SLURM profile keys (required when using --profile profiles/slurm):

  • slurm_account
  • slurm_partition

Advanced override:

  • contigs: restrict the run to specific contigs instead of using the automatic shared-contig behavior
  • samples: restrict the run to specific sample basenames instead of using all *.maf / *.maf.gz files in maf_dir

Contig and sample selection behavior:

  • If samples is omitted, samples are auto-discovered from both *.maf and *.maf.gz in maf_dir.
  • If both <sample>.maf and <sample>.maf.gz exist, <sample>.maf is used.
  • If contigs is omitted, the workflow uses the intersection of contigs present in all selected MAFs.
  • Requested contigs are matched to reference .fai contigs with normalization (for example chr01 can map to 1 when unambiguous).
  • Requested contigs that are unmatched or ambiguous after normalization are skipped.
  • The workflow errors only if no contigs remain after resolution.

Example CLI override:

snakemake -j 8 --configfile options.yaml --config samples='["sampleA","sampleB"]' contigs='["chr1","chr2"]'

Missingness thresholds:

  • max_missing_count is an absolute number of missing samples allowed at a retained site.
  • max_missing_fraction is a fraction of samples allowed to be missing.
  • If both are set, the workflow uses the stricter threshold.
  • The fraction is converted to a count with downward truncation. For example, with 10 samples, 0.15 allows 1 missing sample.
  • If neither is set, the default is 0 - any site where even one sample is unaligned or missing is masked. Set one of these options explicitly if you want to retain sites with partial coverage.
  • A sample counts as missing at a site if it has no alignment block covering that position, carries a gap/indel character (-), carries an N base, or has any other non-ACGT character. In particular, indel gap characters always count as missing regardless of the mask_indels setting — mask_indels controls whether indel-overlapped sites are masked outright, but even when mask_indels: false, a - at a site still contributes to the missing-sample count.

Indel masking behavior:

  • mask_indels: true masks reference positions directly overlapped by deletions.
  • mask_indel_adjacent_snps: true additionally masks SNPs immediately adjacent to an insertion or deletion.
  • mask_indels: false disables indel-based masking entirely, so indel-overlapped and indel-adjacent sites are judged only by the remaining filters such as missingness.
  • mask_indel_adjacent_snps only has an effect when mask_indels: true.

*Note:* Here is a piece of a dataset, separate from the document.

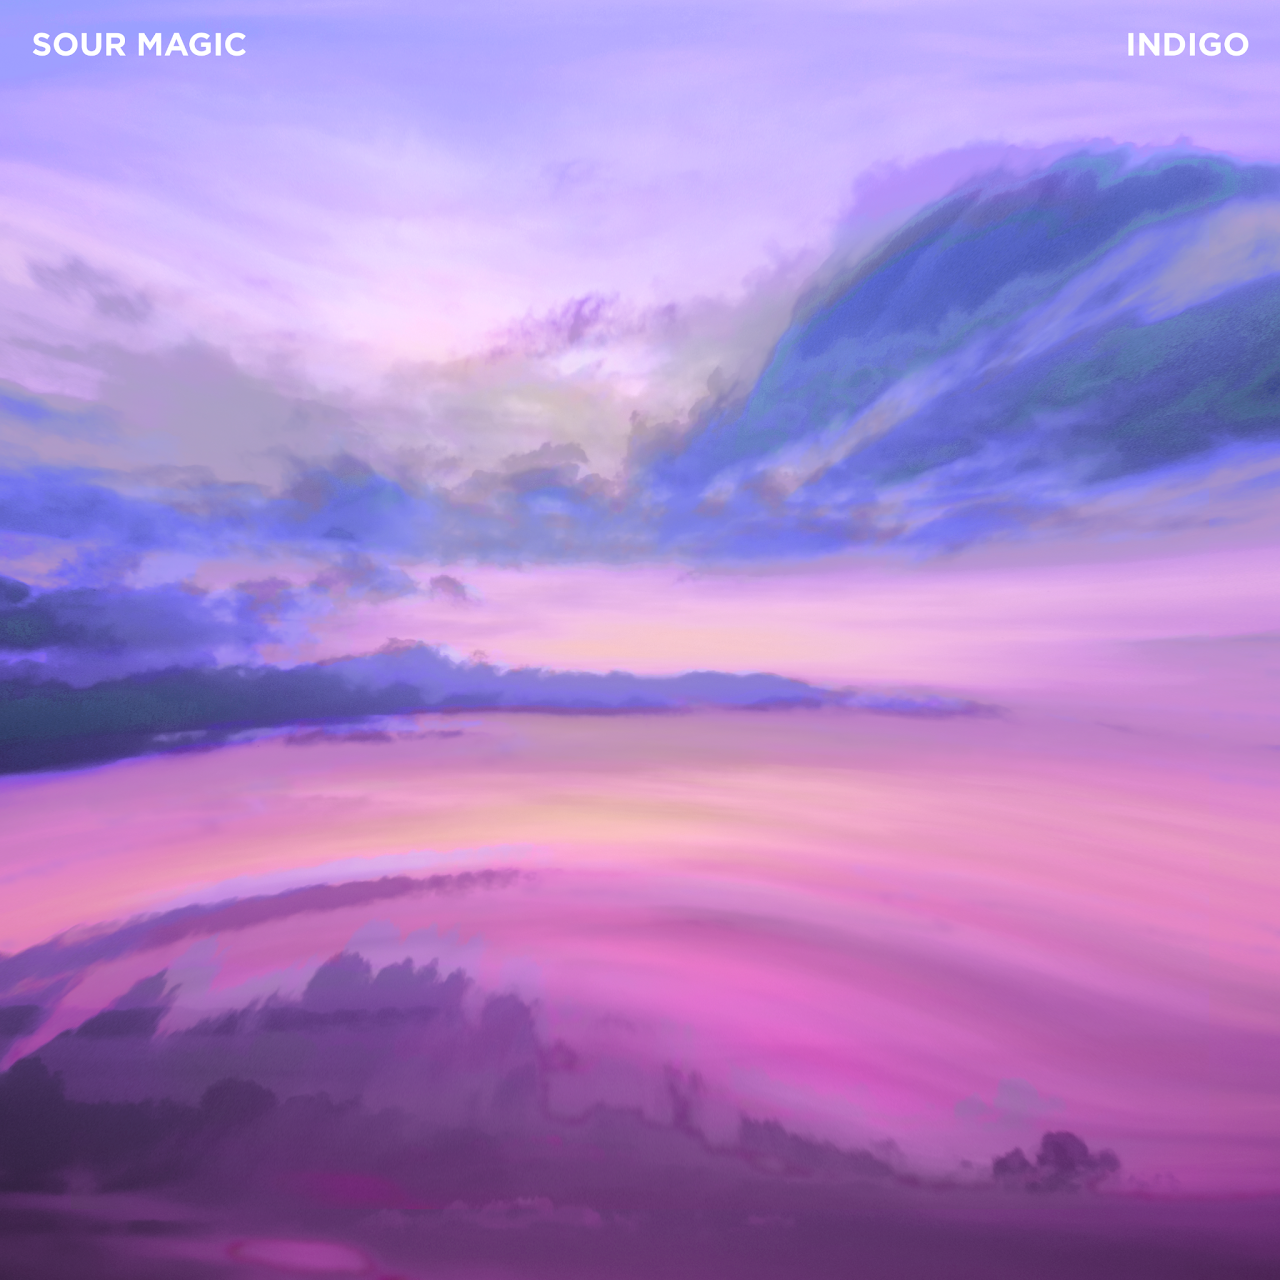 Sour Magic set to release new single, 'Indigo'

Reference-sample behavior:

  • add_ref: true appends a synthetic REF sample to both final VCFs.
  • The added sample is emitted as genotype 0 at every retained site in all_sites and variants.

Run

Local:

snakemake -j 8 --configfile options.yaml

SLURM:

snakemake --profile profiles/slurm --configfile options.yaml

When using the SLURM profile, set slurm_account and slurm_partition in your config file. Slurm defaults for other resources are defined in profiles/slurm/config.yaml. Parsing the MAFs is the most computationally expensive step in the pipeline, and direct-maf rule resources can be overridden in options.yaml (maf_threads, maf_mem_mb, maf_time).

Outputs

Outputs are written under results/ by default (or under results_dir if provided):

  • sites/combined.<contig>.all_sites.vcf
  • sites/combined.<contig>.vcf
  • sites/combined.<contig>.mask.bed
  • sites/combined.<contig>.site_summary.tsv
  • sites/combined.<contig>.<sample>.missing.bed (per-sample missing regions used by per-MAF summary stats)
  • summary.html (genome-wide overview plus per-MAF tables and per-contig per-MAF breakdowns)

The site_summary.tsv contains one metric per row with columns metric and value:

metric description
contig contig name
contig_length contig length in bp
samples number of samples
allowed_missing effective missing-sample threshold used
all_sites retained sites (invariant + variant)
variants retained variant sites
invariant retained invariant sites
masked_total total masked positions
masked_intervals number of merged BED intervals in the mask
masked_missingness positions masked due to too many missing samples
masked_indel positions masked due to indel overlap or adjacency
masked_multiallelic positions masked due to more than two alleles
masked_no_alignment positions masked because at least one sample had no alignment
masked_ref_non_acgt reference positions with non-ACGT bases (always masked)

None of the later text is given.